Earlier this month, NVIDIA founder Jensen Huang said in an interview with Dwarkesh Patel that “if DeepSeek releases first on Huawei’s platform, that would be catastrophic for our country (the United States).” Huang believes that although DeepSeek is an open-source model that can also be used on NVIDIA products, if DeepSeek specifically optimizes for Huawei computing power, NVIDIA will be at a disadvantage under limitations such as restricted access to high-end computing power.

Now it seems that although DeepSeek has also verified the EP scheme for NVIDIA computing power, Huang’s concerns have come true. Industry insiders believe that “V4 is a product forced out by the computing power battle, and in the next year, domestic large models running on domestic cards will gradually mature.”
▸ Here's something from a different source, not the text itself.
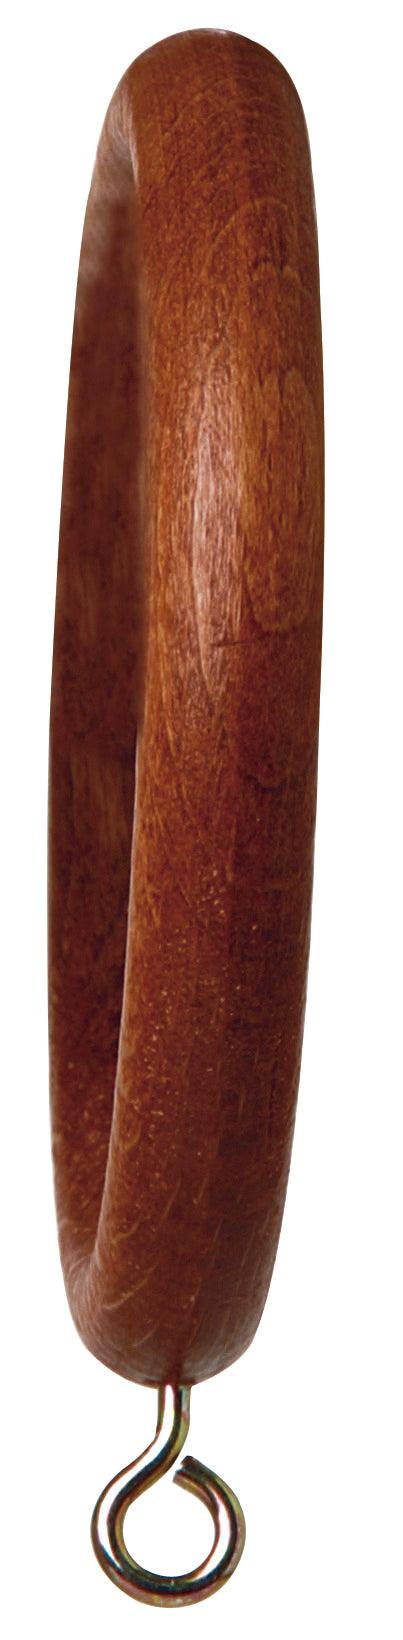 Ring Wood w/eye U 1-3/16" - Alan Richard Textiles, LTD Zabala 1-3/16" 2000 Wood & Maderas Wood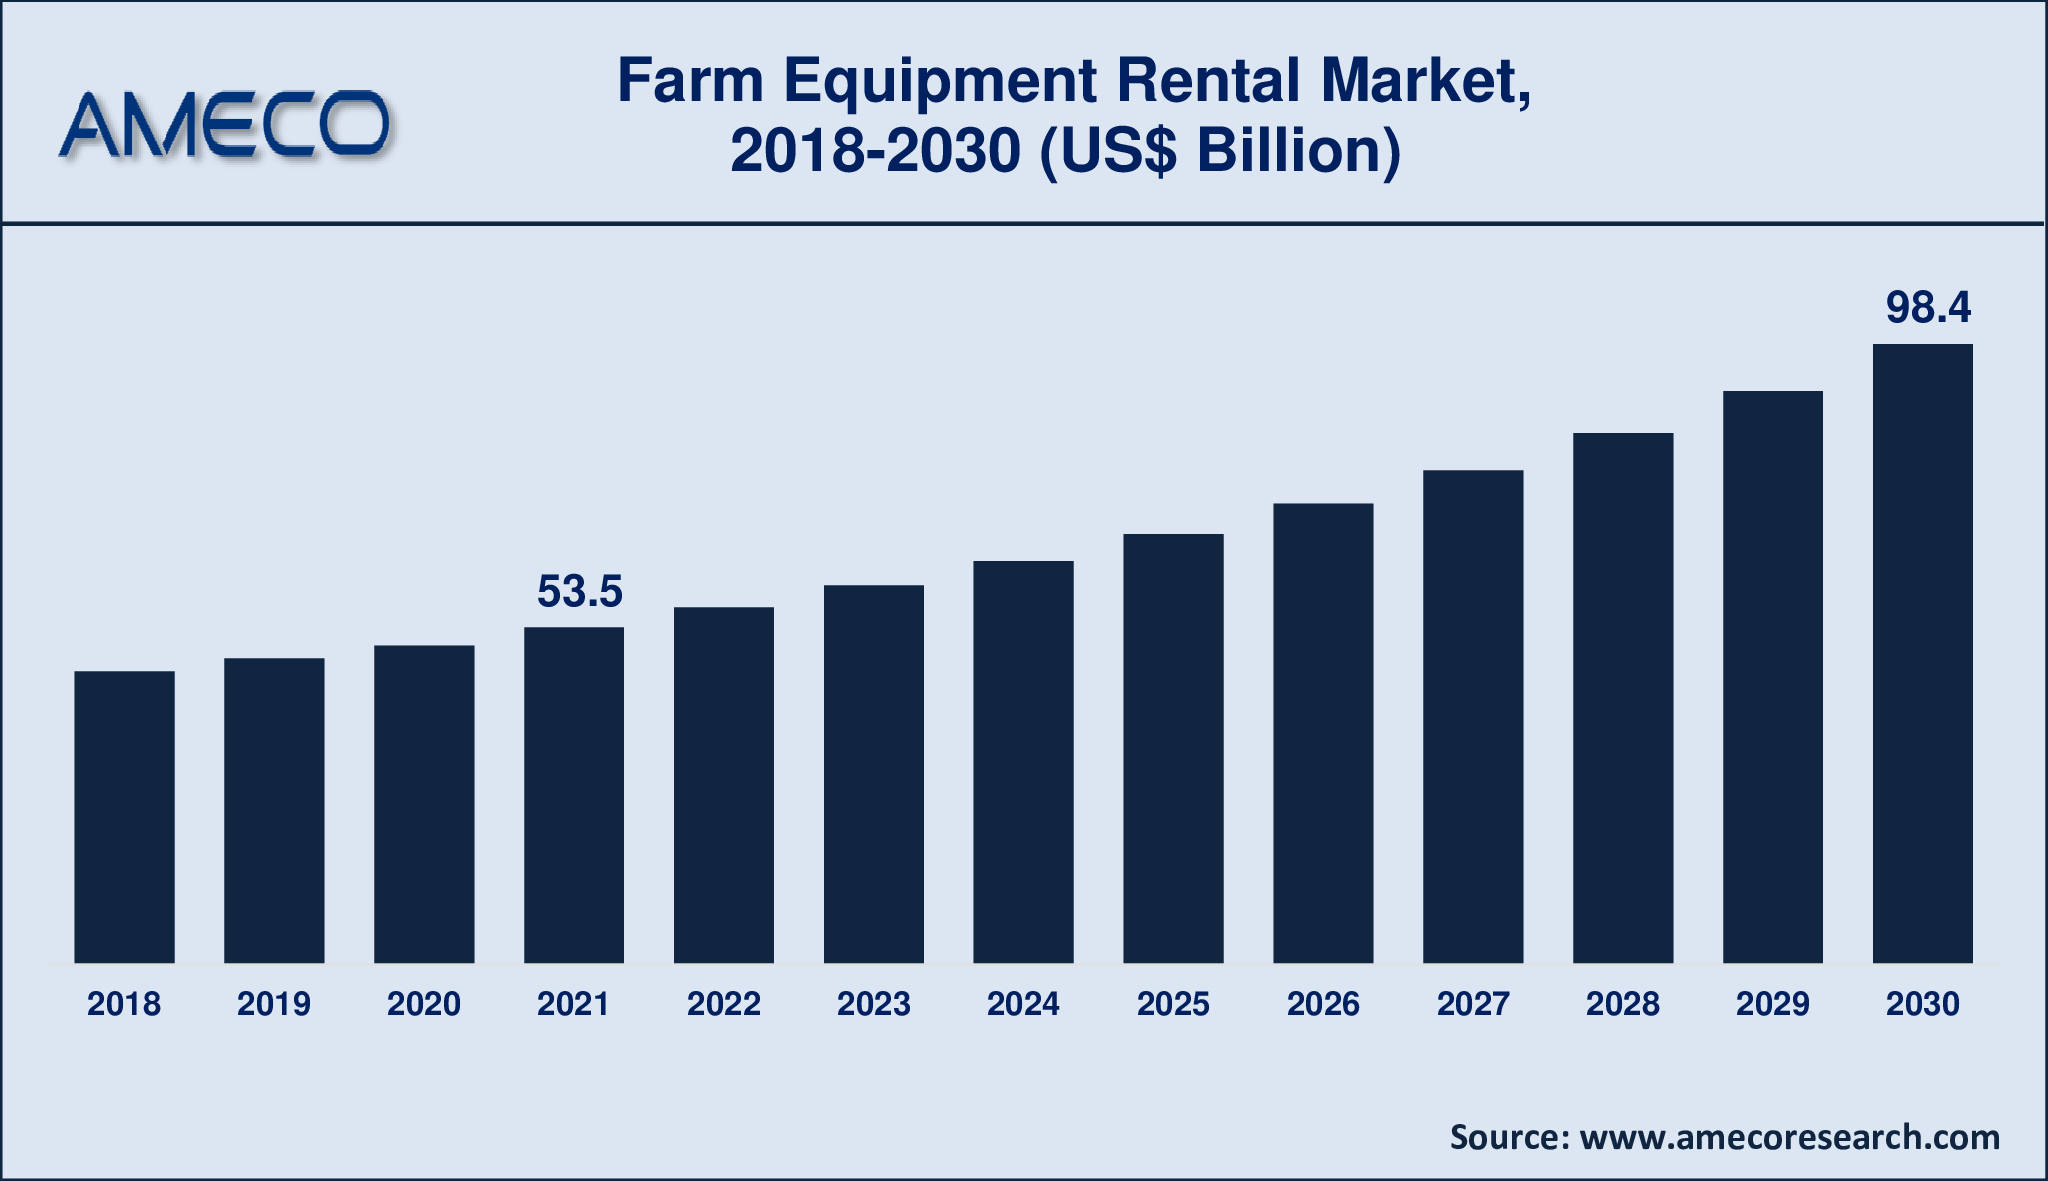 Farm Equipment Rental Market Dynamics

Lack of Multimodal Capabilities

Regrettably, although DeepSeek V4 has been released, this version remains a pure text model, lacking extensive text-to-image, text-to-video, and other multimodal capabilities. This adds difficulty for ordinary users to quickly experience and evaluate the model.

After all, with the continuous improvement of large language model capabilities and the gradual decline in hallucination rates, conventional, single knowledge question answering can no longer objectively reflect a model’s comprehensive capabilities. For most users, to intuitively feel the capabilities of the V4 model, they still need to download and use it for a while.

At the same time as the V4 series model release, DeepSeek has recently reported plans to raise 500 billion yuan. A source close to DeepSeek revealed that DeepSeek’s pre-funding valuation is 300 billion yuan, equivalent to approximately $44 billion. Tencent Holdings and Alibaba Group are currently in talks to invest in DeepSeek. However, DeepSeek has not yet responded positively to media inquiries regarding financing matters.

Perhaps, for DeepSeek founder Liang Wenfeng, in the context of slowing global large model “intelligence” growth, increasing industry talent competition, and the continuous emergence of multimodal and Agentic trends, securing financing to strengthen its capabilities at the time of the V4 release is a wise move.